In purely economic terms, such a move makes perverse sense. We are struggling here in the United States to find enough qualified, caring individuals to take care of a burgeoning elderly population as the Baby Boom goes bust.

These attendants–mostly working at or slightly above a minimum wage that can't cover decent living expenses, often without health insurance of their own–are shouldering the bulk of the responsibility for the feeding, cleaning and safekeeping of those no longer able to care for themselves.

If these folks are lucky, they get to remain in their homes or move to an assisted living facility, with shopping, cooking and cleaning handled at least partially by home care attendants. Family members often must chip in and do a large portion of the grunt work themselves, sometimes while raising kids and seeing to their own careers and personal lives–the hapless Sandwich Generation.

But not everyone can afford an assisted living facility, and if someone is so bad off physically or mentally that around-the-clock care is required, and a family cannot handle the burden alone, a nursing home may be the only option.

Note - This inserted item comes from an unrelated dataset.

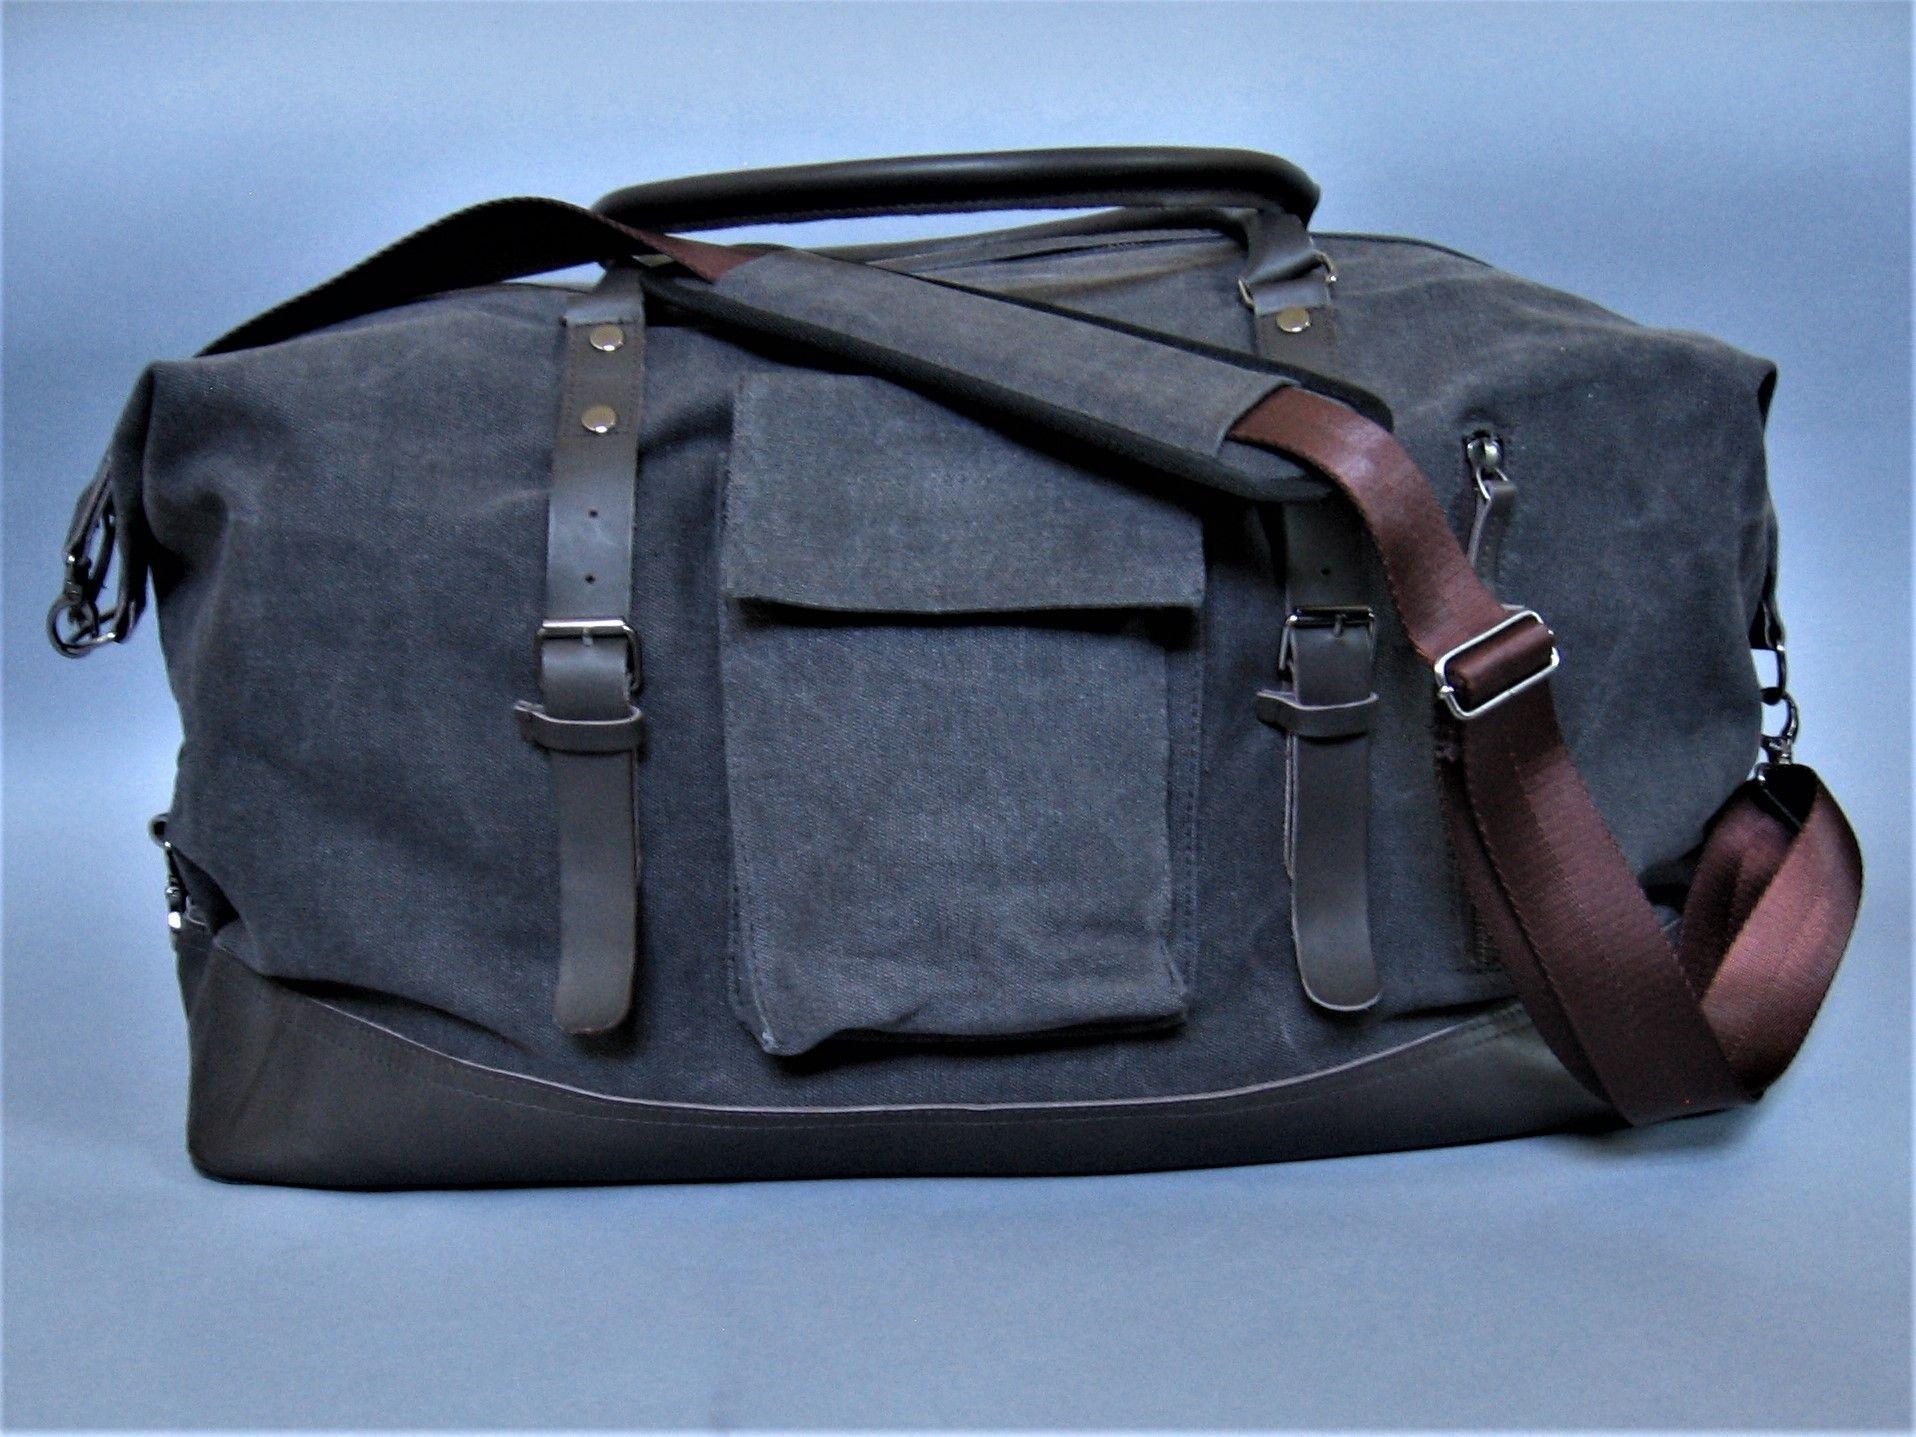 9e770c89ab  84.95 Duffle bag extra large perfect travel bag for men or women. Nylon  lining YKK

With a growing number already forced to seek cheaper medical care offshore, and assisted living facilities reportedly on the rise in Mexico, how long will it be before we start dumping our elderly for nursing care in foreign countries, where the cost of labor is far cheaper, and government regulation perhaps nonexistent?

This nightmare scenario would be a tragedy if offshoring becomes the only affordable nursing home option down the road. Yet neither of our major political parties or presidential candidates has spent any time discussing the long-term care crisis facing our country.

Long-term care insurance, of course, is designed to alleviate such concerns. But sales have not taken off, despite the inherent logic of this product. That's mainly because of the cost (how can anyone except high-income individuals eager to protect their retirement portfolios afford the premiums?), as well as fear about whether the insurers offering this coverage will actually be around in 10, 20 or 30 years to pay the bills?

We need to start a national dialogue on long-term care challenges–with insurance a key component, perhaps via a mandatory payroll deduction system like we have with Medicare and Social Security. At least that way Medicaid–now the insurer of last resort for those without the resources to pay for their own care–will not have to carry a huge unfunded liability.

If we don't start tackling this looming challenge soon, we're all going to end up in some desert facility in Mexico or Central America, and it won't be for a vacation.